-- Opening Marker --

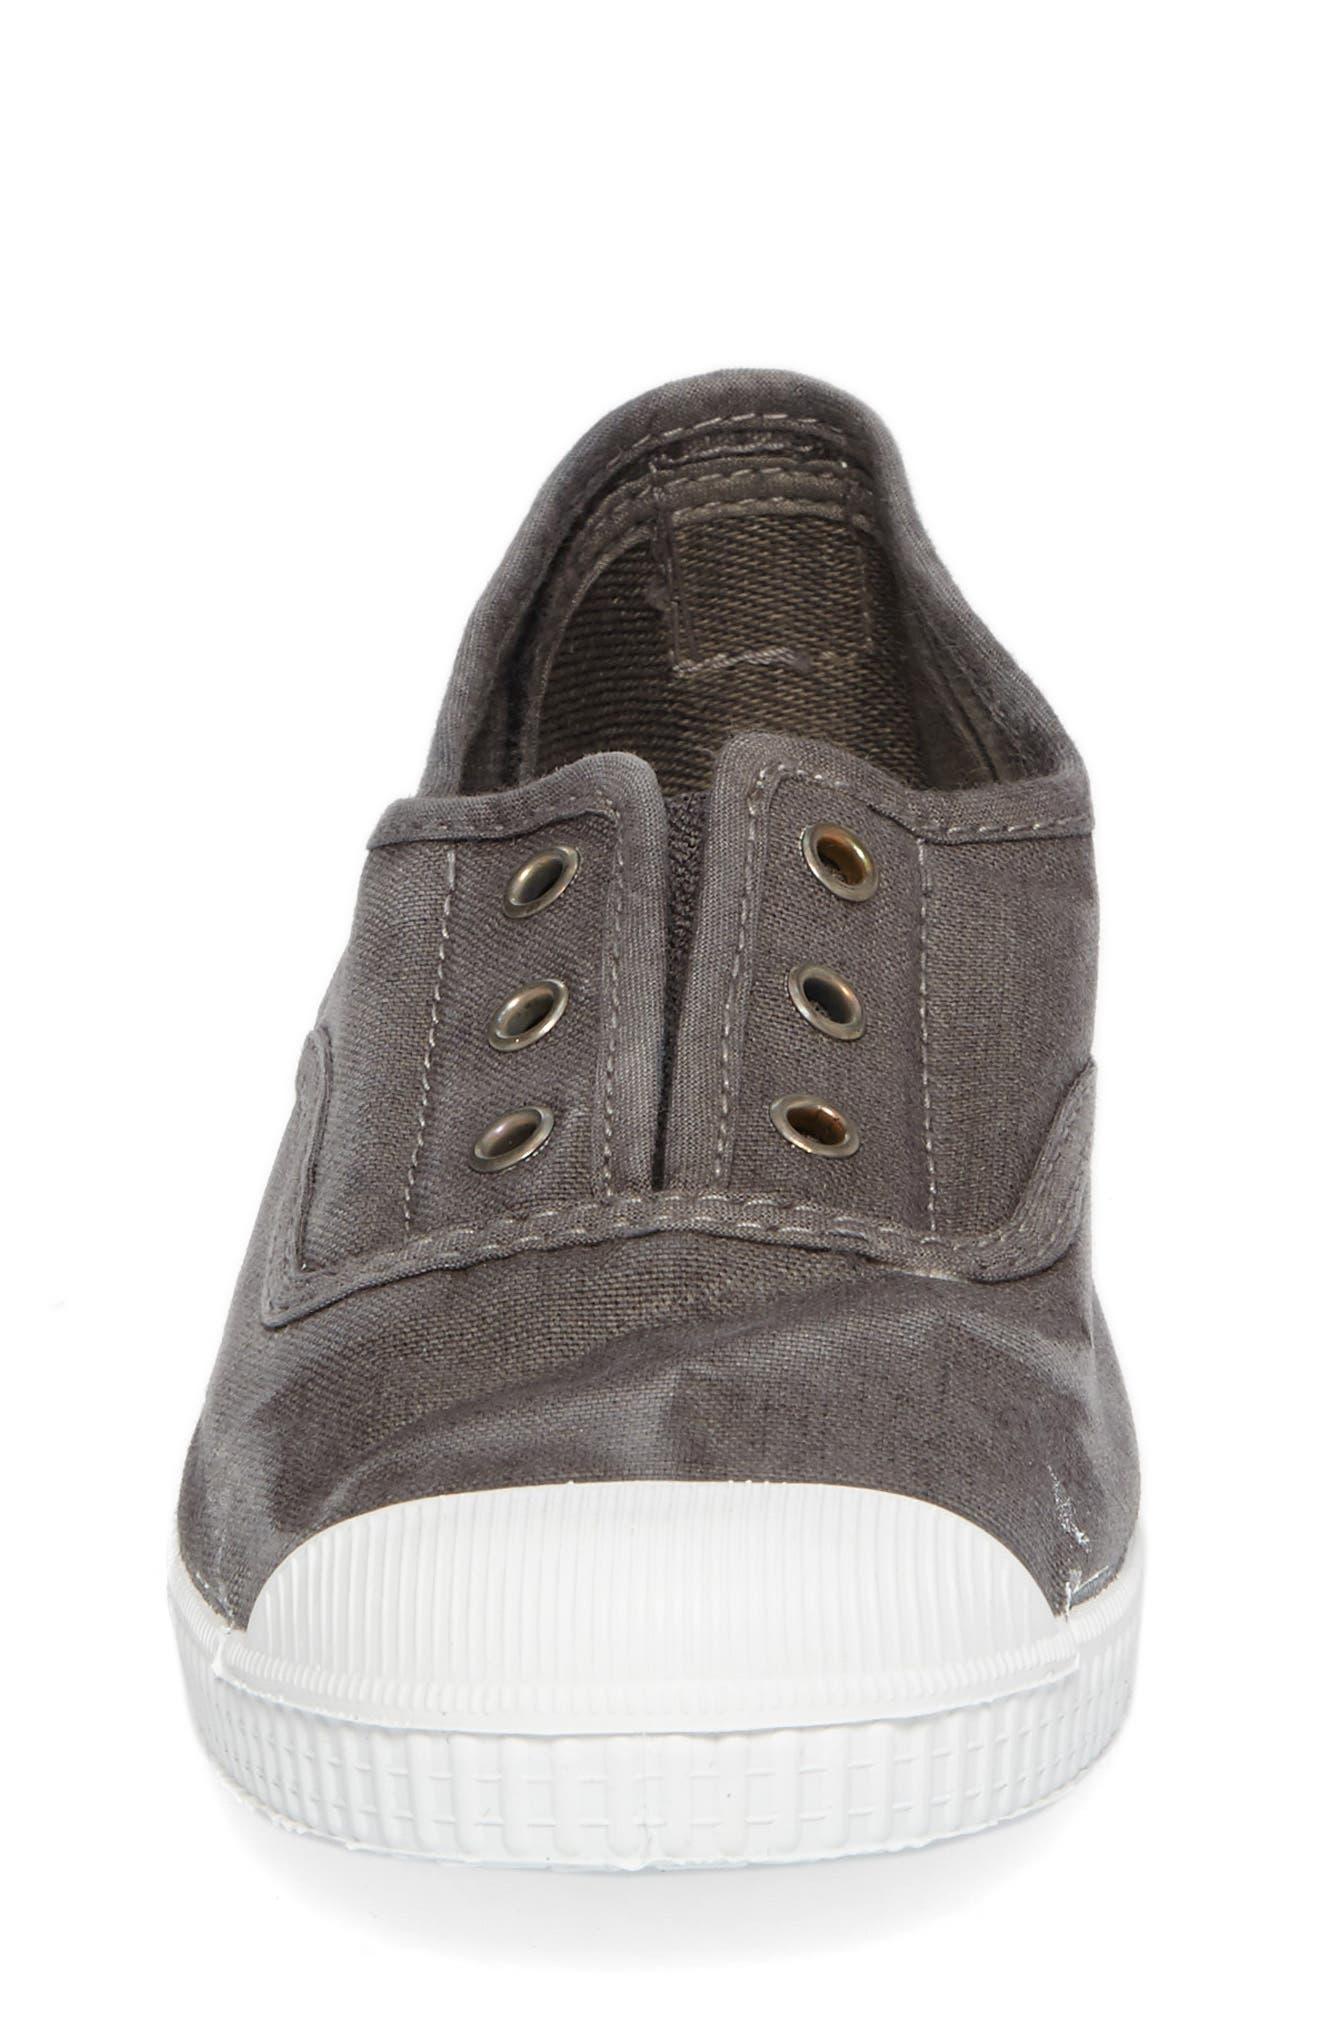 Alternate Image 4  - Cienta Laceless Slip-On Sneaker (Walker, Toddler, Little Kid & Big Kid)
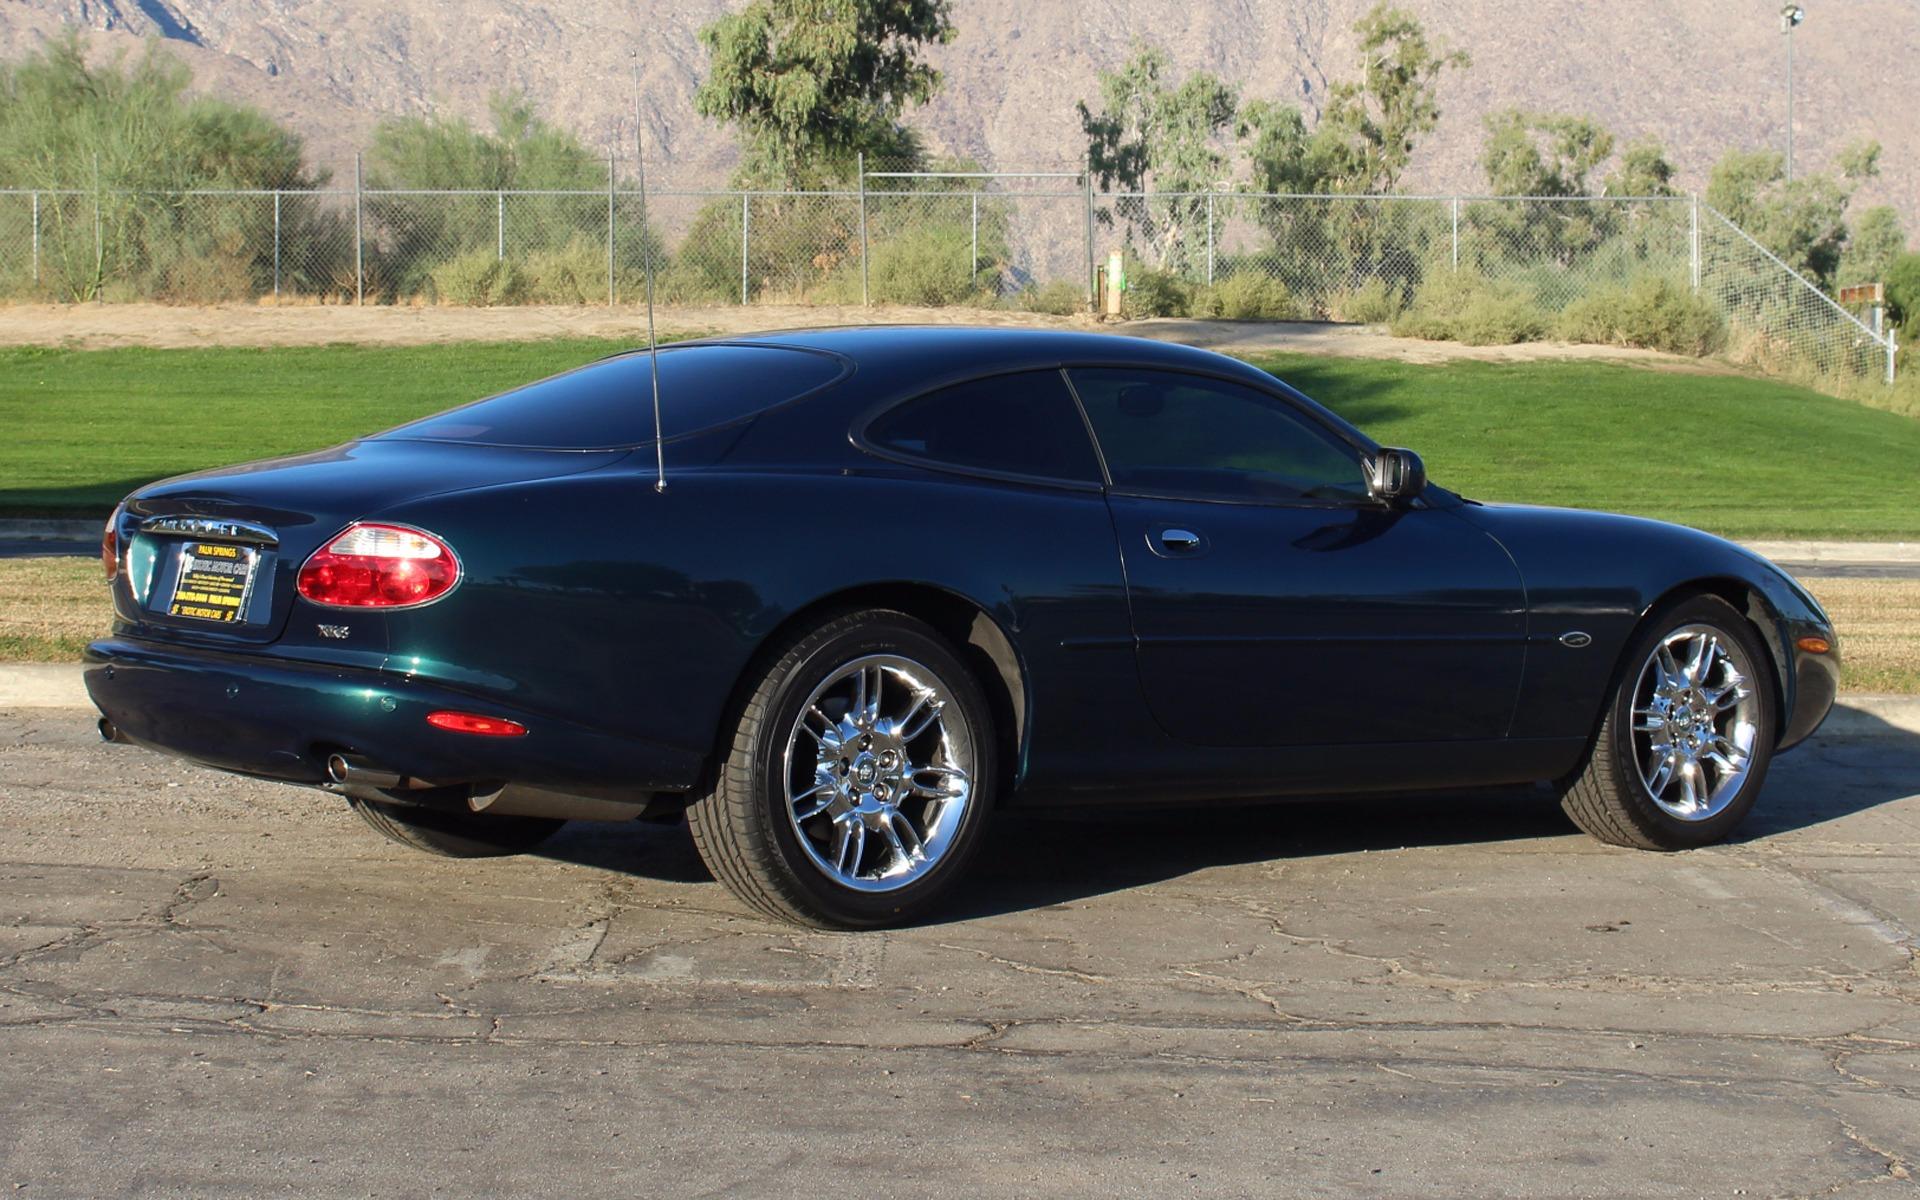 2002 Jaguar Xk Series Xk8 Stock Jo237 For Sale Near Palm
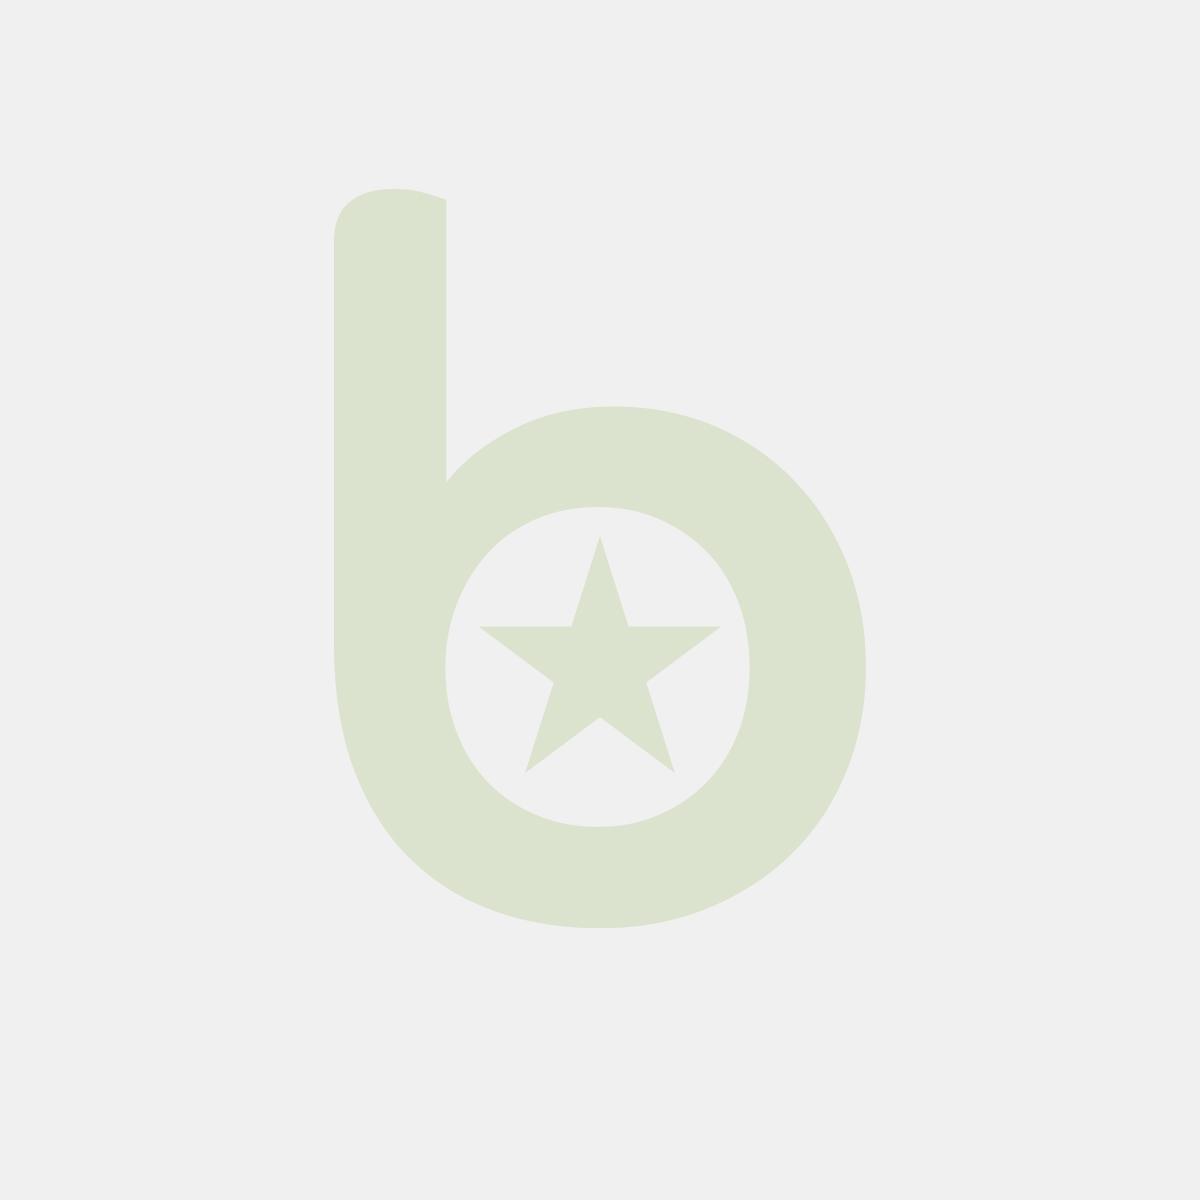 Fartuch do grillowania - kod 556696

-- Closing Marker --

* _EXERCISE DETAILS_: What the answer must hold: all the data above, given again exactly, without pictures.

* _SOLUTION FOR THIS EXERCISE_:
 Alternate Image 4  - Cienta Laceless Slip-On Sneaker (Walker, Toddler, Little Kid & Big Kid)
 2002 Jaguar Xk Series Xk8 Stock Jo237 For Sale Near Palm
 Fartuch do grillowania - kod 556696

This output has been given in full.